=== STORED DATA ===

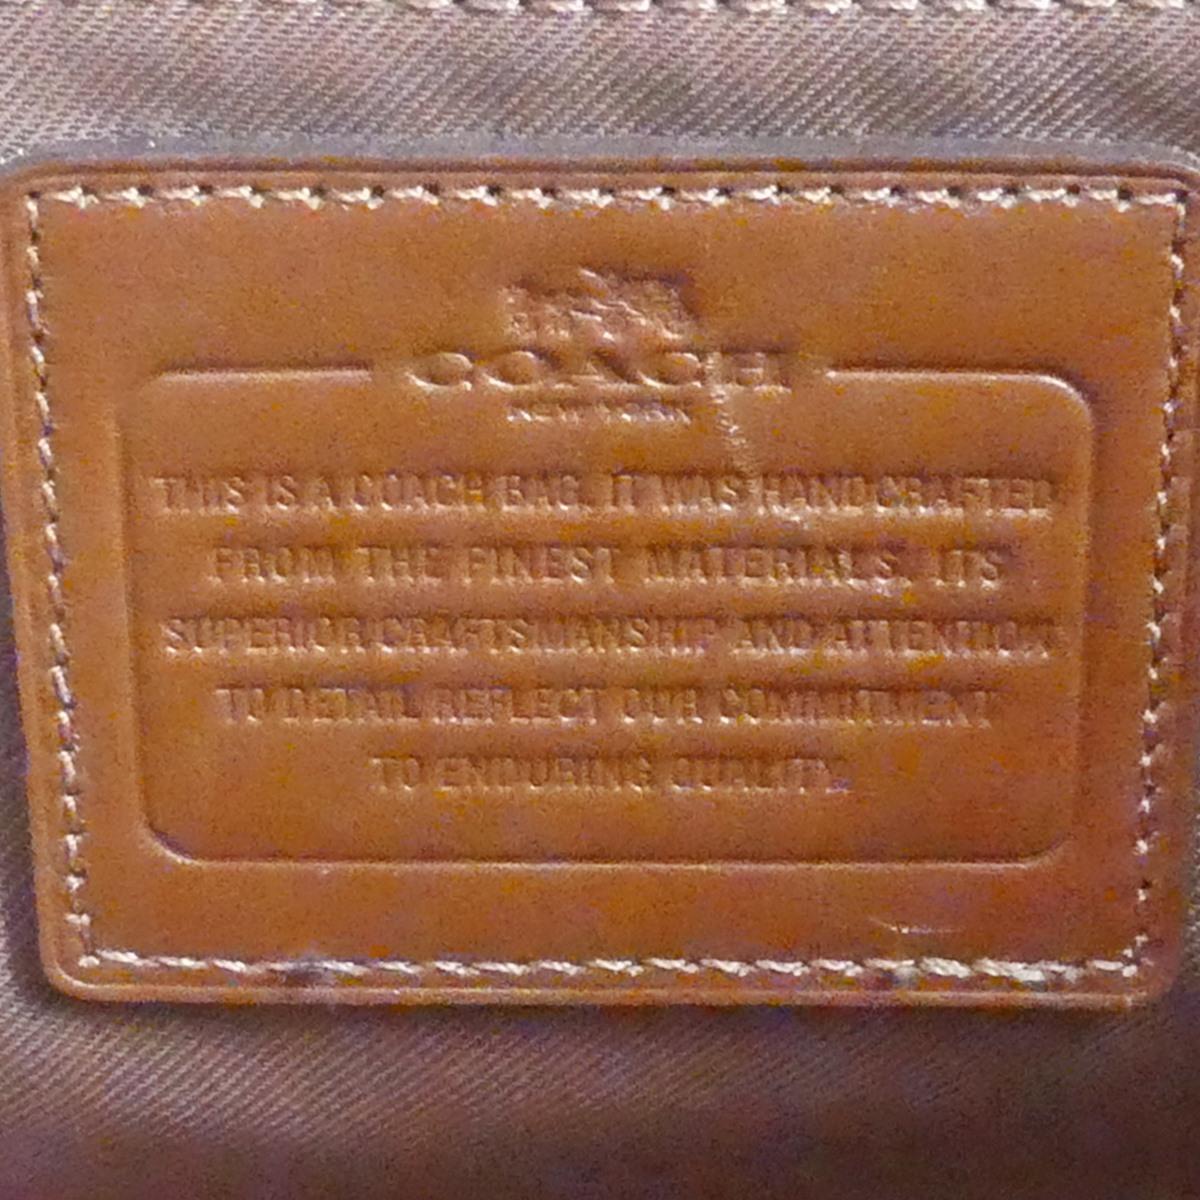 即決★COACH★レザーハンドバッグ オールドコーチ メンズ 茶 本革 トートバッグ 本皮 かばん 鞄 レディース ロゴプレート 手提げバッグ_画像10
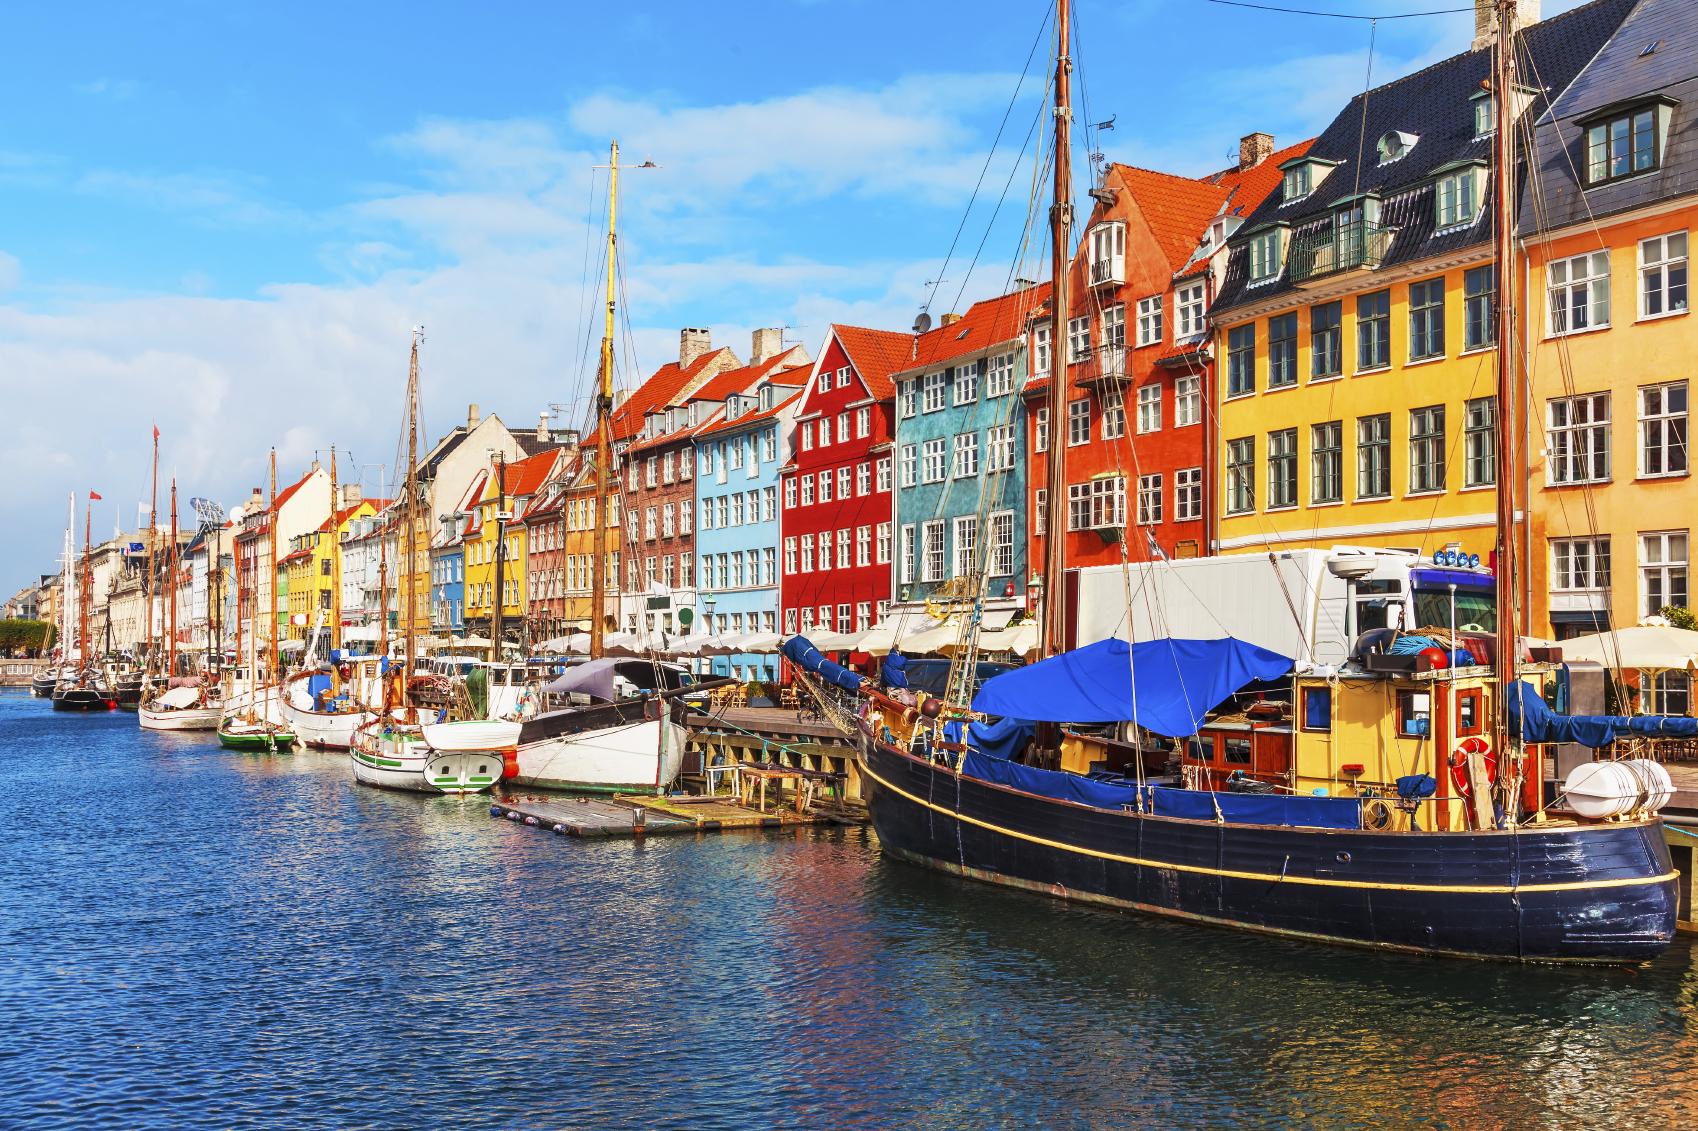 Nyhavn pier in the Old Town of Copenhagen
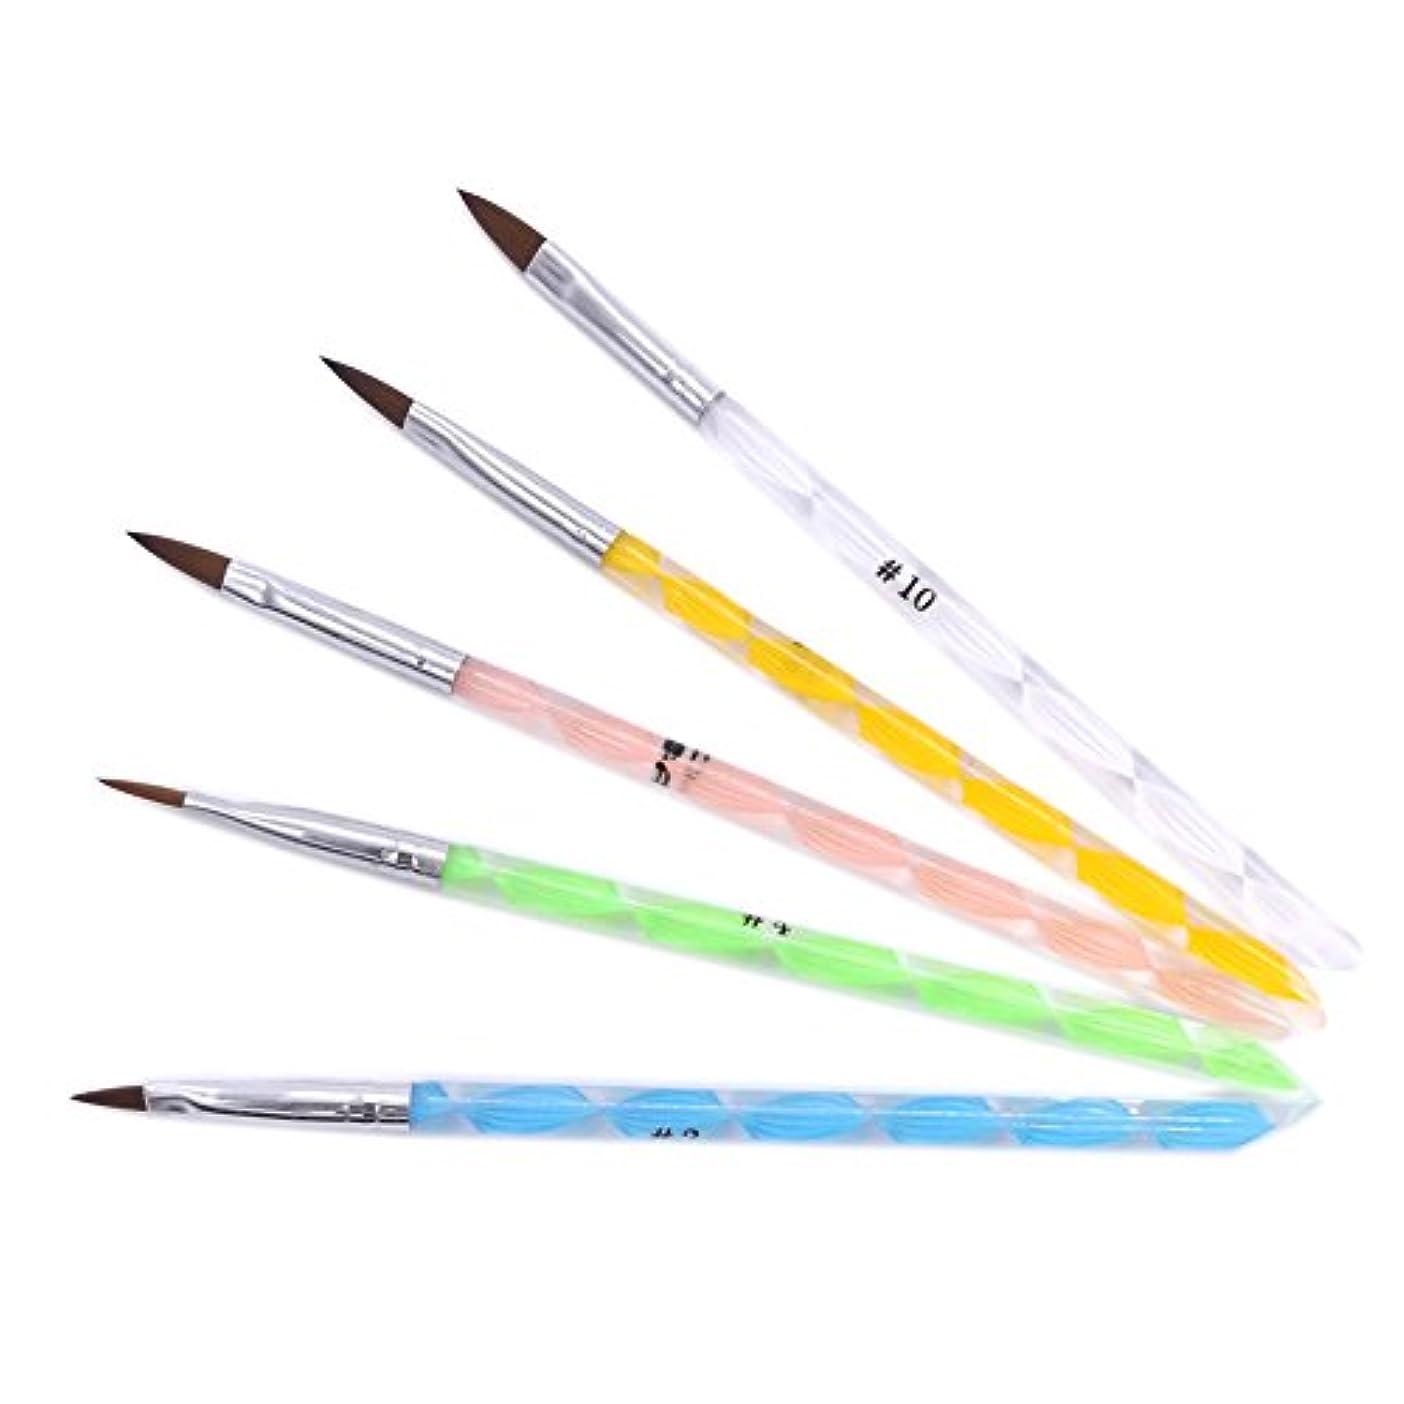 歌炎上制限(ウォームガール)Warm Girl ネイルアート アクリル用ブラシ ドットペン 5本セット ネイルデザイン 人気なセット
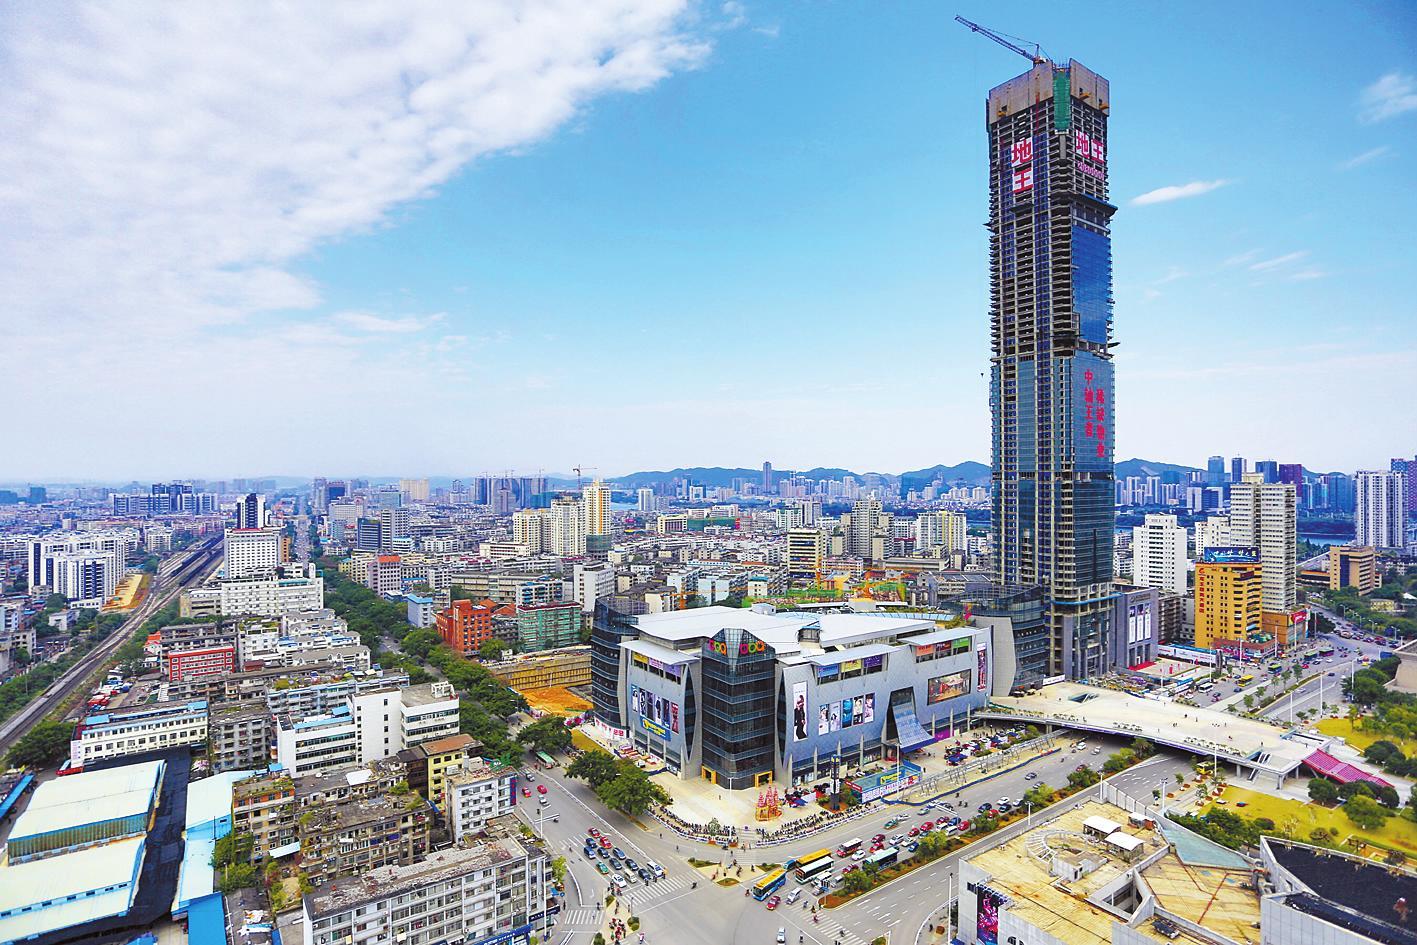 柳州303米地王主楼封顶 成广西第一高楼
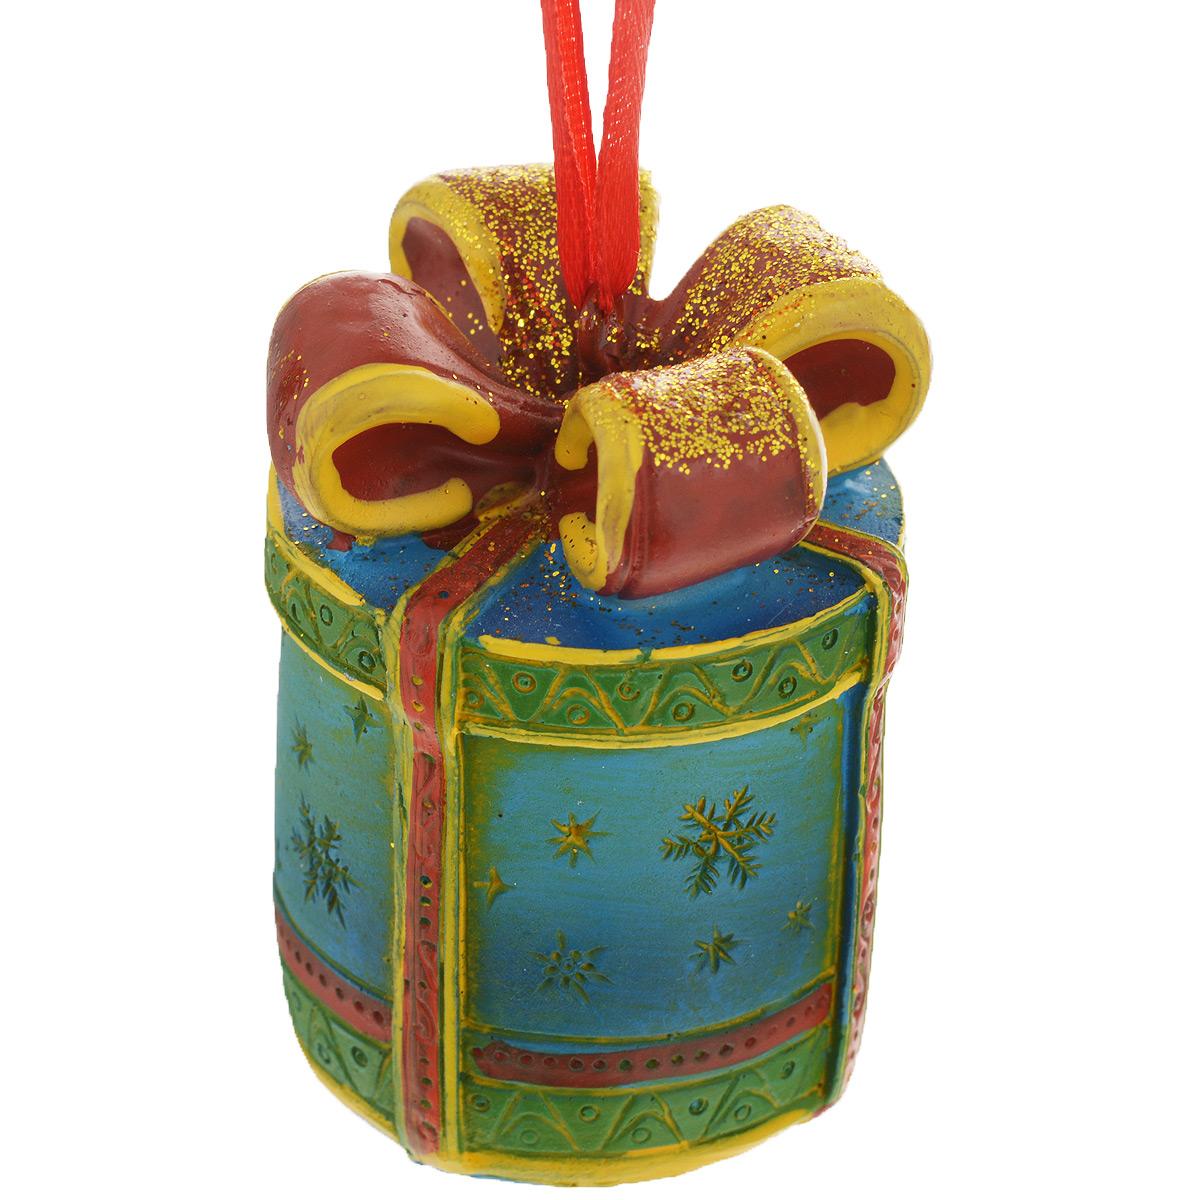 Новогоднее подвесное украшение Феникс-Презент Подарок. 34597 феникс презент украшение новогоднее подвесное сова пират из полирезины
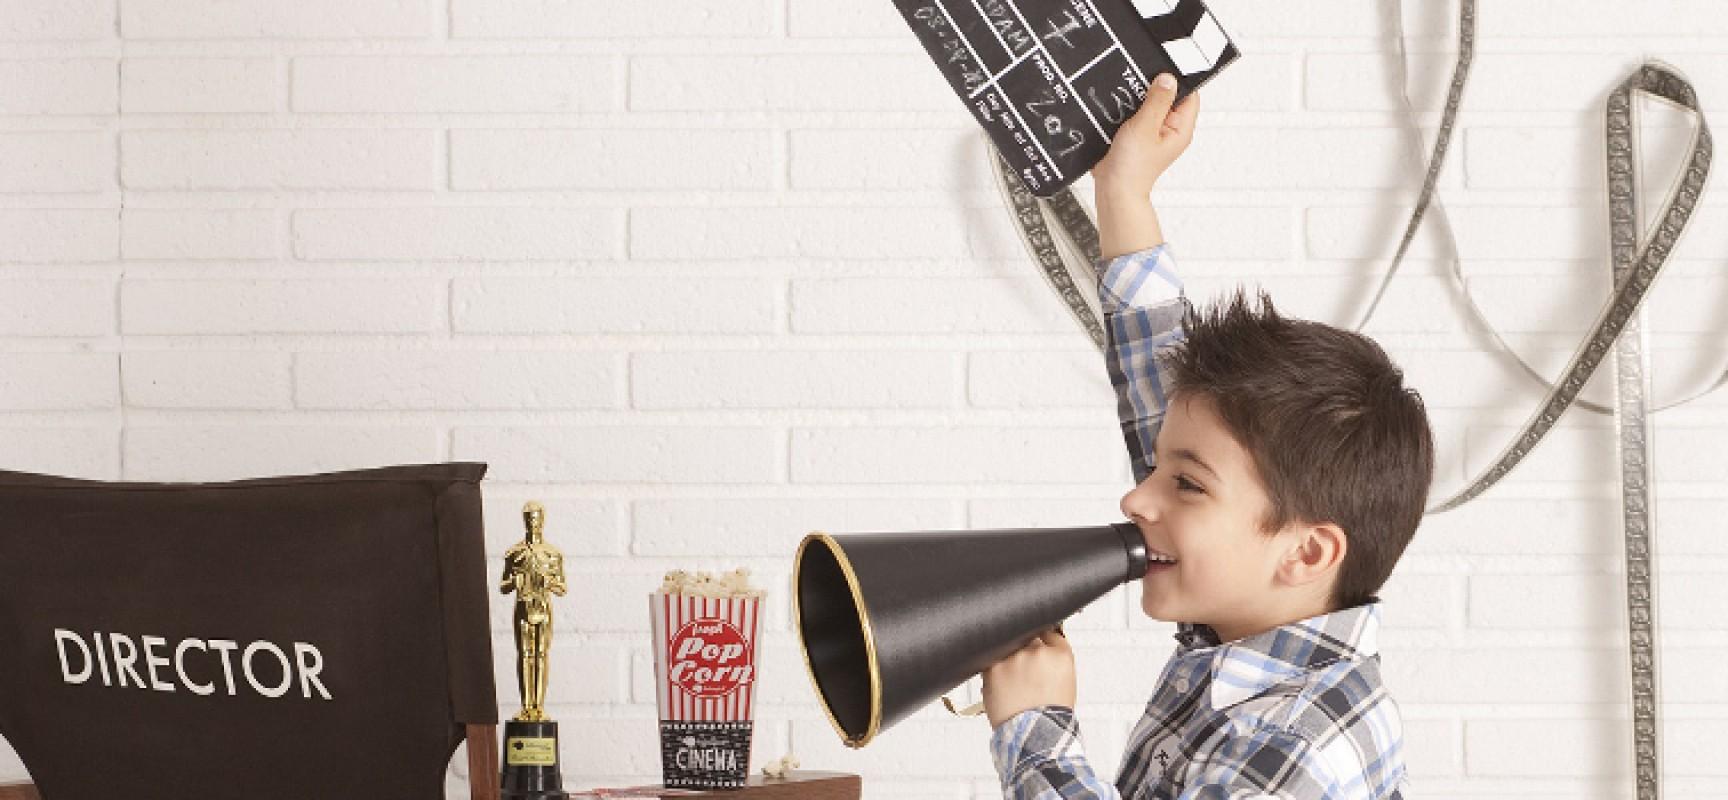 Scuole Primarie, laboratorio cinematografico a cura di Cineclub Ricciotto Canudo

===

-- WHAT IS EXPECTED --
Every record is to be repeated exactly, and no picture is carried over.

-- PROBLEM SOLUTION --
 即決★COACH★レザーハンドバッグ オールドコーチ メンズ 茶 本革 トートバッグ 本皮 かばん 鞄 レディース ロゴプレート 手提げバッグ_画像10
 Nyhavn pier in the Old Town of Copenhagen
 歌炎上制限(ウォームガール)Warm Girl ネイルアート アクリル用ブラシ ドットペン 5本セット ネイルデザイン 人気なセット
 柳州303米地王主楼封顶 成广西第一高楼
 Новогоднее подвесное украшение Феникс-Презент Подарок. 34597 феникс презент украшение новогоднее подвесное сова пират из полирезины
 Scuole Primarie, laboratorio cinematografico a cura di Cineclub Ricciotto Canudo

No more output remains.